Immerse yourself in a new kind of Toronto

Anishinaabe artist Lisa Jackson brings a striking vision to life in her VR work, Biidaaban.

Imagine a Toronto where the concrete is overgrown with lush and thick flora, where the stretch that was once home to the King Street Pilot Project is now a tributary where the locals canoe to work, where vegetables grow on rooftops, where urban life has been remixed, remodelled, reimagined.

That’s the (virtual) reality brought to life in Biidaaban: First Light. The new VR experience, created by Anishinaabe VR artist and filmmaker Lisa Jackson and 3D artist Matthew Borrett, puts the user in a new Toronto, one envisioned by Jackson as a city reclaimed by nature.
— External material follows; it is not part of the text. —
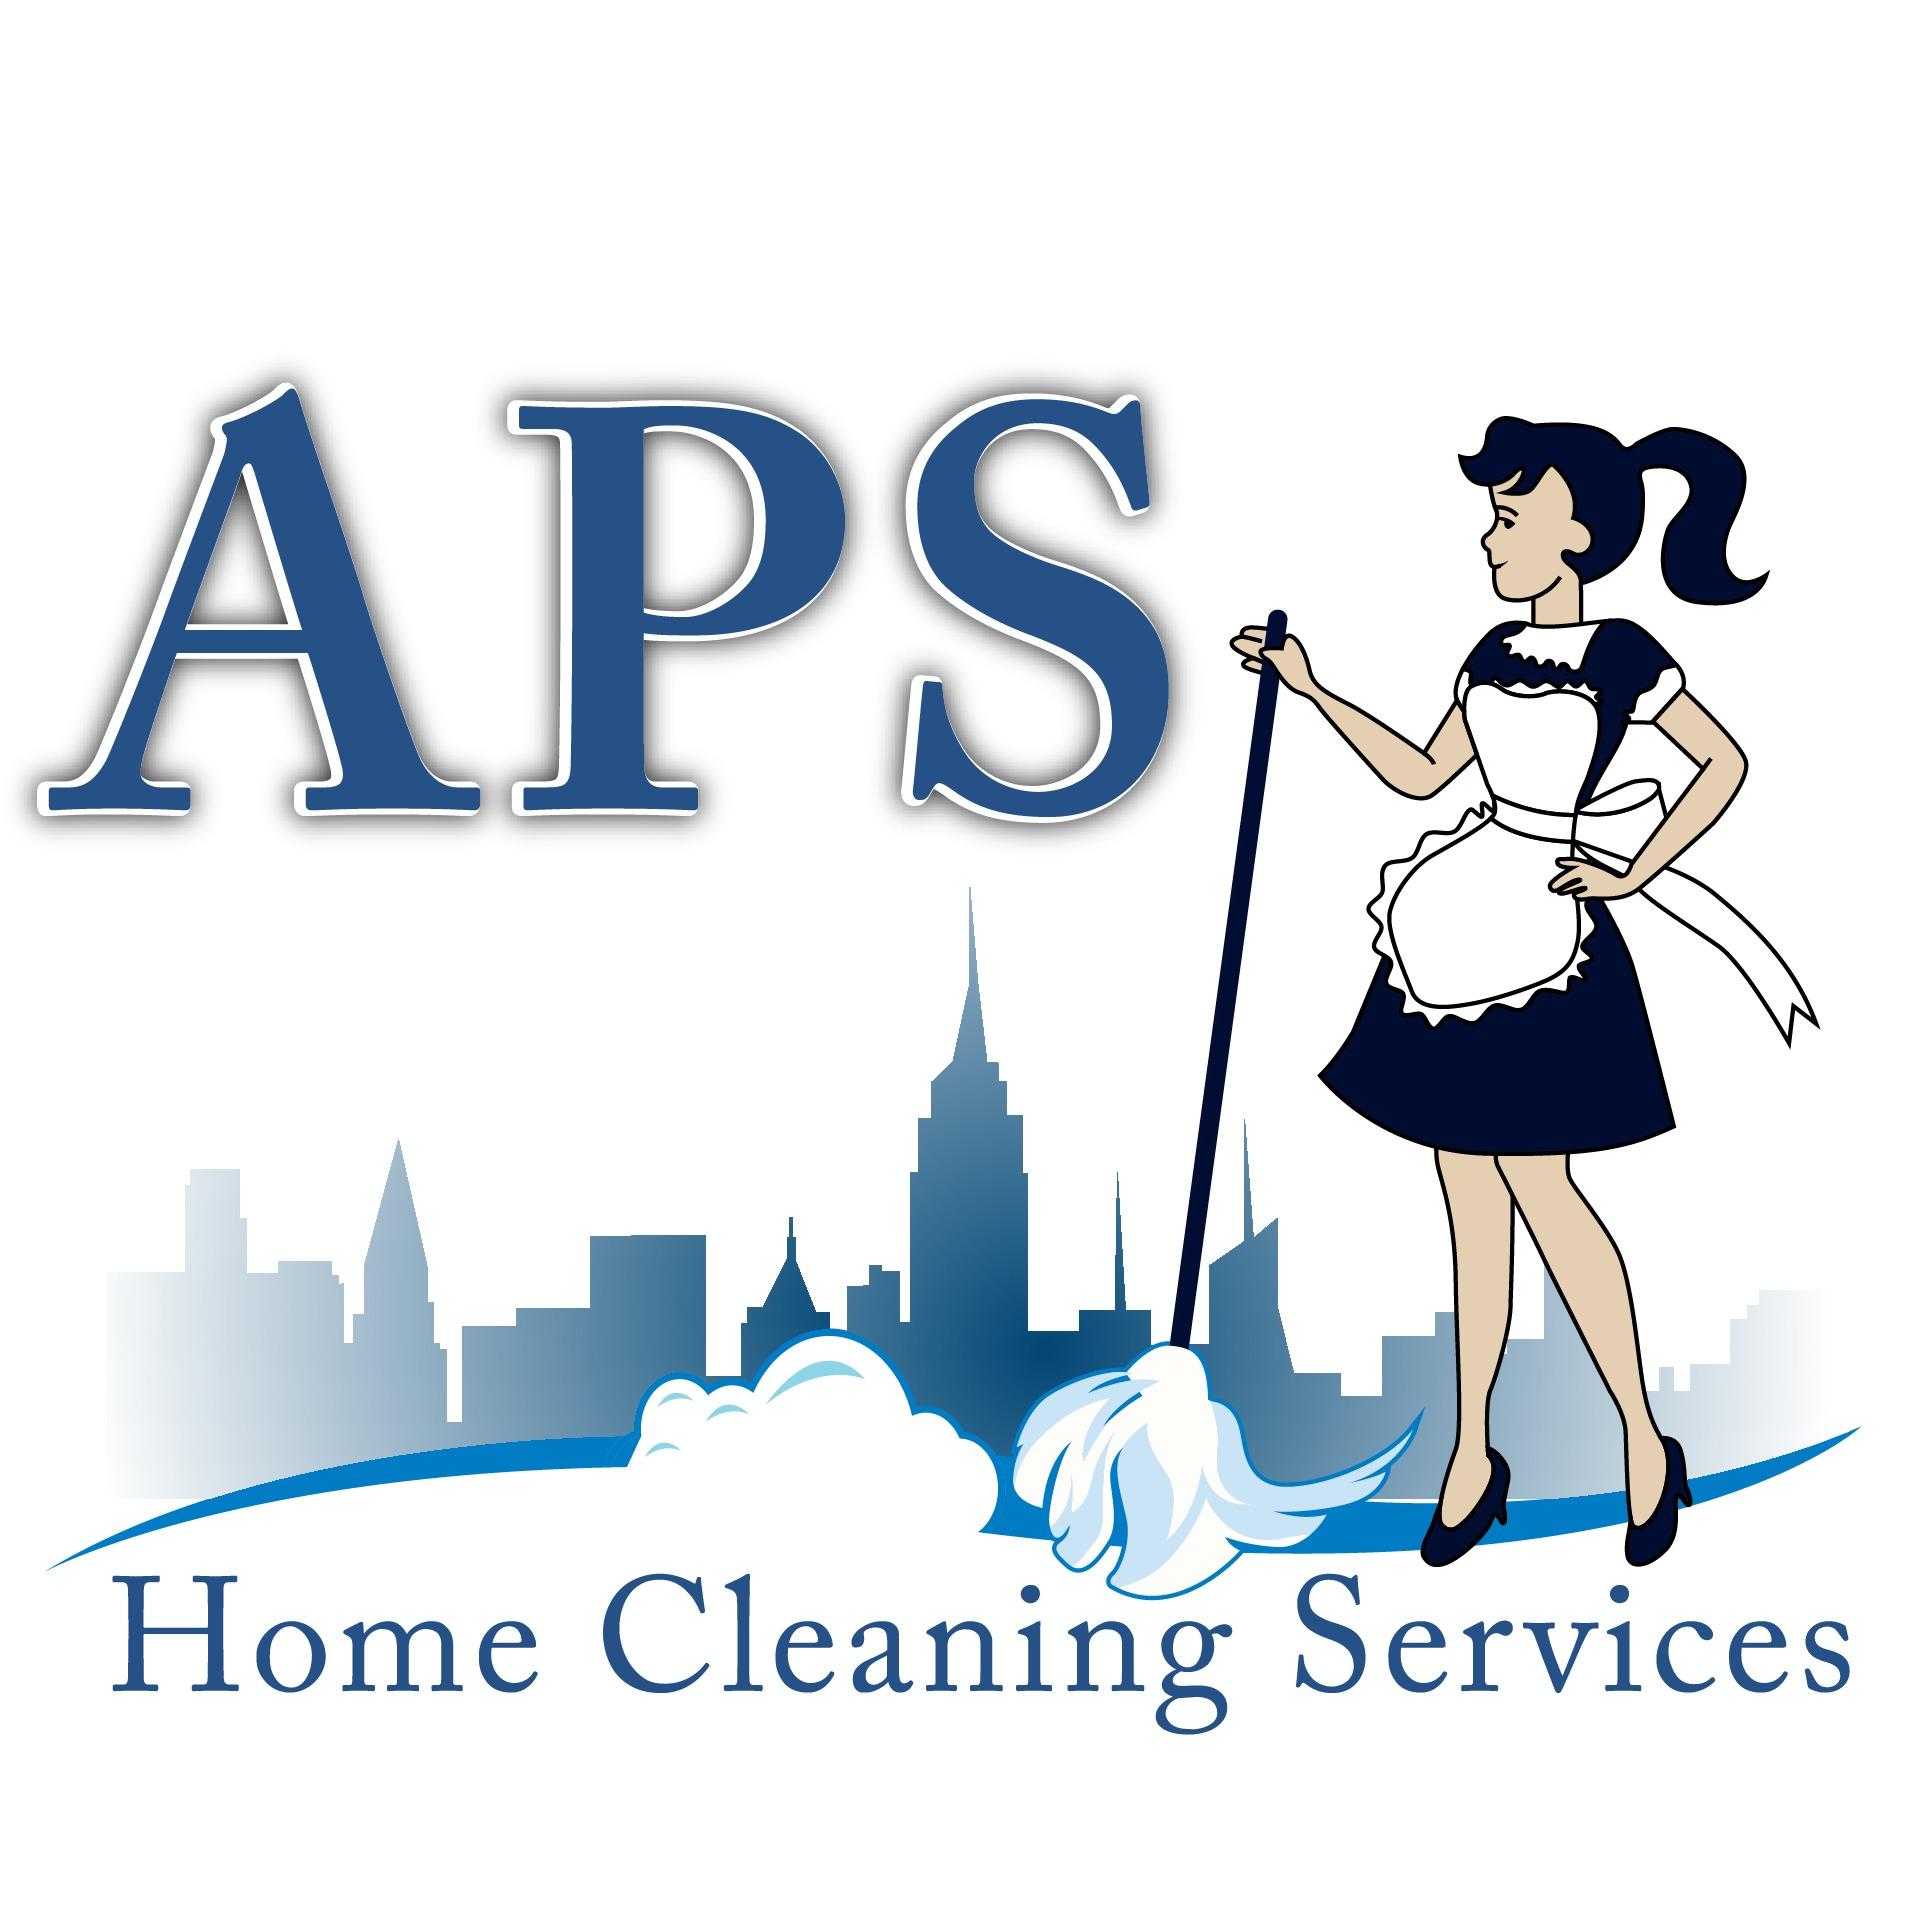 APS Home Cleaning Services Photo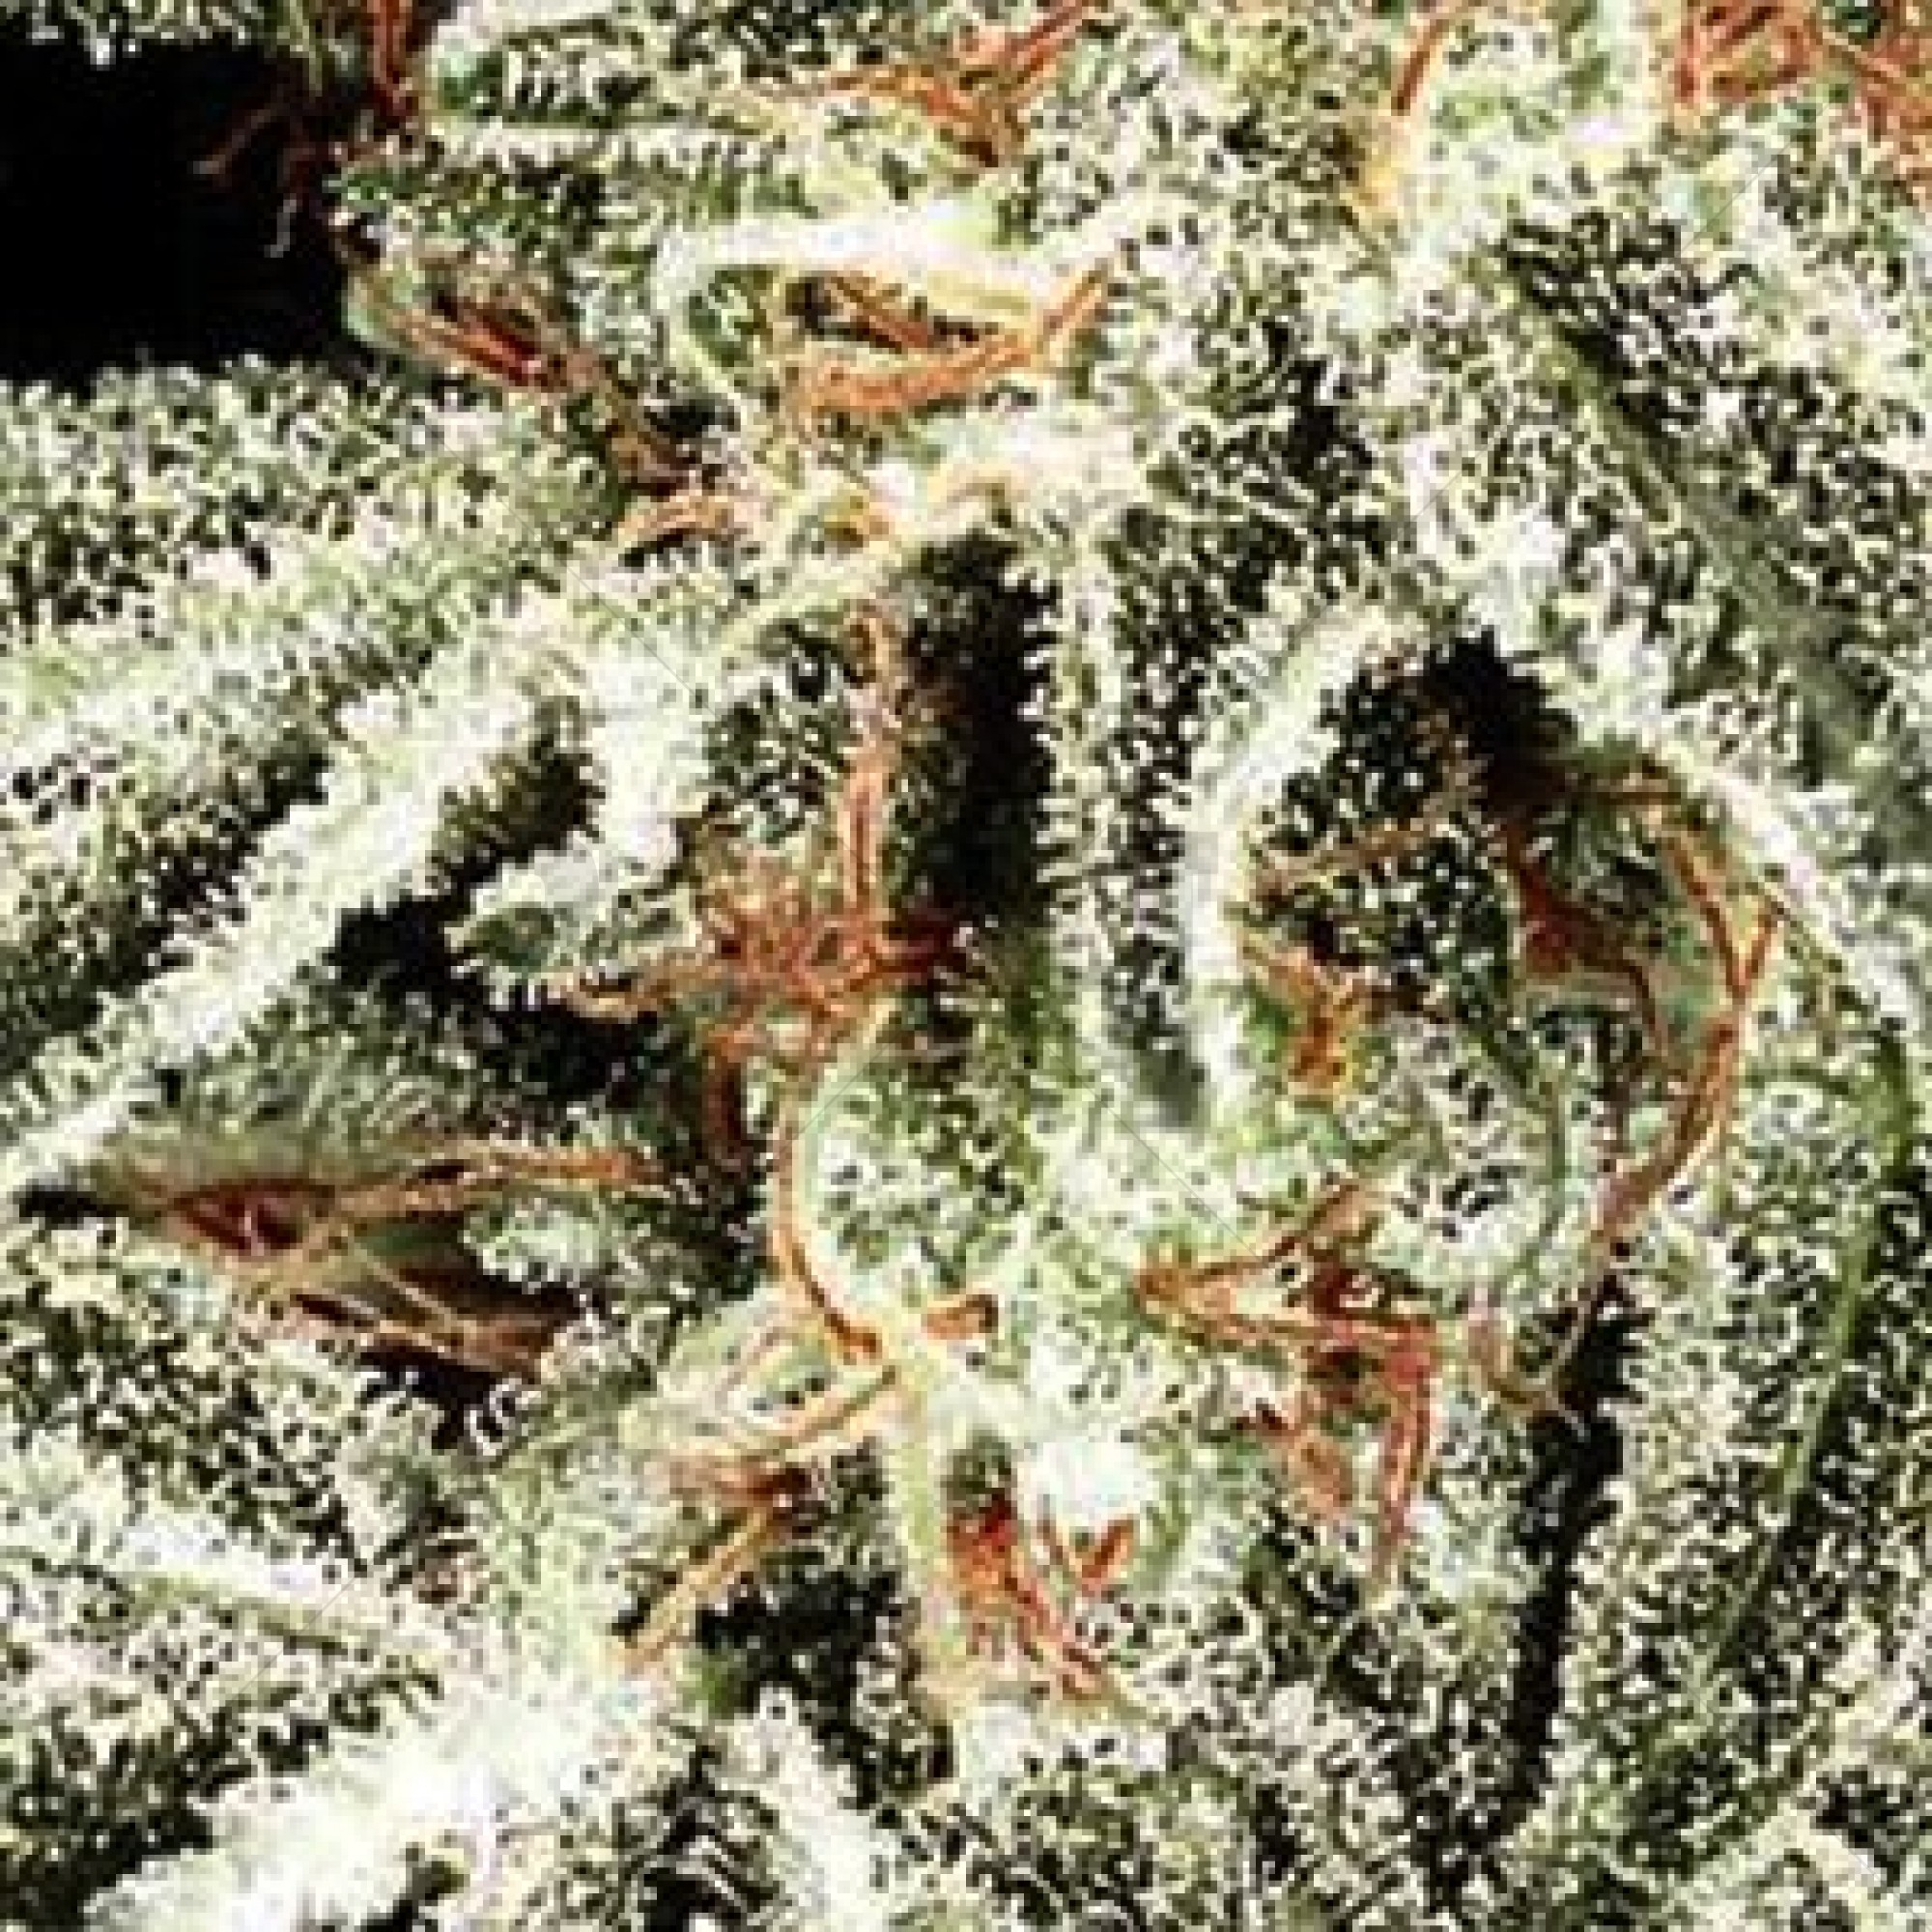 Russian Snow (Vision Seeds)

The goal is to prompt people to consider their place in history, which helps them determine their role in the future.

In this new Toronto (originally known as Tkaronto), one can hear the languages that were originally spoken in the area, as well as reading the written text of the Wendat, Kanien’kehá:ka (Mohawk) and Anishinaabe (Ojibway), not only gaining further insight into the land’s first peoples and their thought systems, but also increasing their appreciation for Indigenous languages and their risk of disappearing.

The experience premieres tomorrow night in Toronto at Nathan Phillips Square in a custom-built installation. Up to five people can don VR headsets at once and explore the reimagined setting, which includes both Nathan Phillips Square and Osgoode Subway Station. The film will be showcased until Sept. 24.